Hey Folks, I’m Alive!

Just dropping in real fast to state the obvious: I haven’t done any reviews for a bit and I just kind of dropped off the Earth there. Sorry about that, and thanks to the friendly reader who checked to make sure I’m okay!

So the truth of the matter is, yeah, I’m doing okay! In some ways the okayest I’ve ever been, actually! I’ve also been pretty busy, which is partly the reason why I’m okay but also a result of being okay, and as a result the blog has fallen a bit by the wayside. I’m very sorry about that! On the plus side, it’s generally been the positive kind of busy: I’m working on myself with my therapist, getting more active with local politics and activism, doing a little bit of gardening, developing an honest-to-god social life, kicking butt at work, and trying to rest when I’m not doing any of those other things. It’s a heck of a bunch of things to start to figure out how to do as I’m approaching forty, but I’m loving it.

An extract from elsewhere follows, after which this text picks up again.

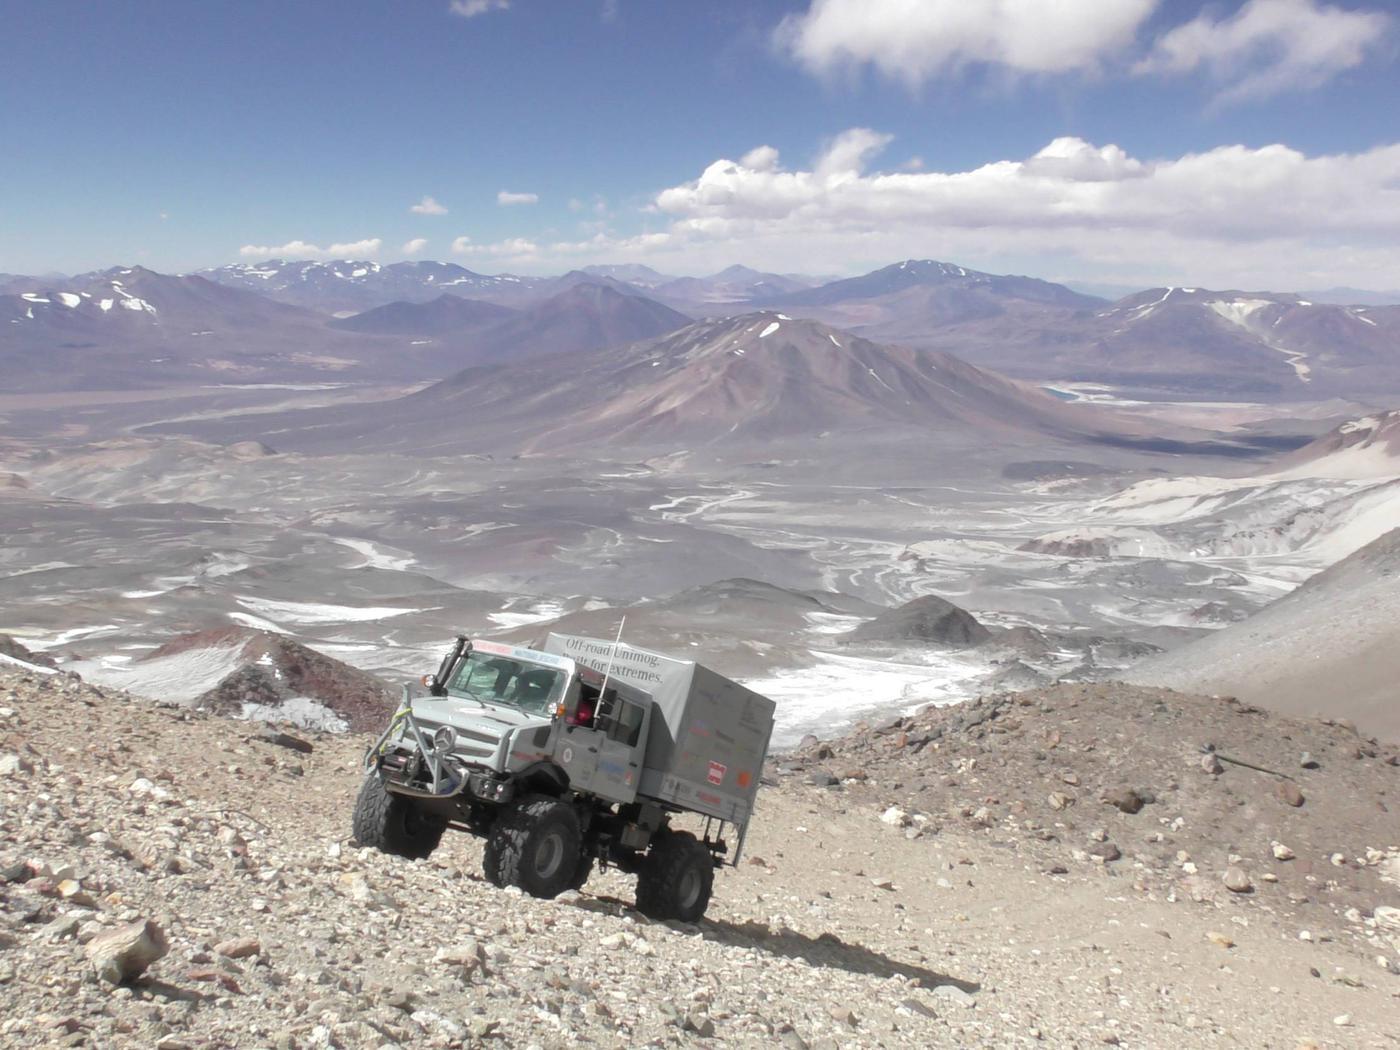 Gipfelsturm Zum Weltrekord Gaggenauer Unimog Fahrt Auf 6 694 Hohenmeter

So here’s my official announcement that the blog isn’t going anywhere, but that the reviews will be a bit more sporadic for a while, at least until I learn how to incorporate them with the rest of my life. I do have a few exciting-looking paperbacks sitting around that will need discussing, and as we all know, there are always more to find.

Thanks so much for your support and readership for these past 9 1/2 years, and take care of yourselves and each other.

Futuretrack 5

Futuretrack 5 by Robert Westall
Kestrel Books, 1983
Price I paid: none

Henry Kitson makes his first mistake when he scores a hundred per cent in his exams. Not for him therefore the glamorous cushy career pattern of most of his contemporaries. Promoted to Tech, he is equipped with a white coat and a clipboard and becomes one of that small body who keep the country’s computerized living systems going.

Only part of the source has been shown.